What the squeaky wheel gets

The media has struck oil. That’s how it seems anyway. Because lately I’m finding more and more items on the nutrition news web sites about good oil, bad oil, and all the oils in between. And in a couple of recent e-Alerts I’ve joined in with the oil chorus, telling you about the pros and cons of canola oil, and the cons of cooking oil with trans-fatty acids (for which there are no “pros”).

So it’s not a surprise that I’ve also been receiving a greater number of e-mails on the subject of oil. In particular, a couple of comments and questions about flaxseed oil have come my way, with members wondering about the cardiovascular health claims surrounding this remarkable oil and the best ways to ingest it.

We’ll begin this look at flax by first heading down to oil country: Stillwater, Oklahoma.

 

The omega key 

Just last week I came across a flaxseed study from Oklahoma State University. And while the size and conclusions of the research can only be described as “not exactly earth shattering,” the report of this study in the September issue of “The Journal of Clinical Endocrinology and Metabolism” will serve as a good jumping off place for a closer look at flaxseed and flaxseed oil.
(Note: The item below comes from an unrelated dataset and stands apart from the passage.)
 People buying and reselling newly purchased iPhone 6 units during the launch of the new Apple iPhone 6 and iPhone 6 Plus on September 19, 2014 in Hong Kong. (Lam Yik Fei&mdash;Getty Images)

Flaxseed contains lignans, a fiber and phytoestrogen with a chemical makeup similar to human estrogen. Lignans are also a good source of alpha-linolenic acid, that is converted by the body into omega-3 fatty acids – compounds that help regulate several key cardiovascular functions such as heart rate, blood pressure, blood vessel dilation and blood clotting. So the Oklahoma researchers set out to study the cardiovascular effects of flaxseed on 36 postmenopausal women.

Half of the group ingested 40 grams of ground flaxseed daily for 3 months. The other half received ground wheat instead of flaxseed for the same period. At the end of the research period, the flaxseed group showed an 8% reduction in the blood level of apolipoprotein B – a molecule that carries cholesterol and is regarded as a better marker for heart disease than cholesterol alone. Total cholesterol levels of the flaxseed group also fell, but both LDL and HDL levels fell – in effect canceling out any benefit in the cholesterol department. The group of women who received the ground wheat showed no changes in cholesterol or apolipoprotein B levels.

As promised, these results are not earth shattering. But there is clearly something going on here, it’s obviously something good for the heart, and the primary active ingredient is omega-3.

3 and 6

Omega-3 and omega-6 are two groups of essential fatty acids. And while we need both in our diet, most modern diets are high in omega-6 and low in omega-3. Which is exactly the reverse of what the ratio should be.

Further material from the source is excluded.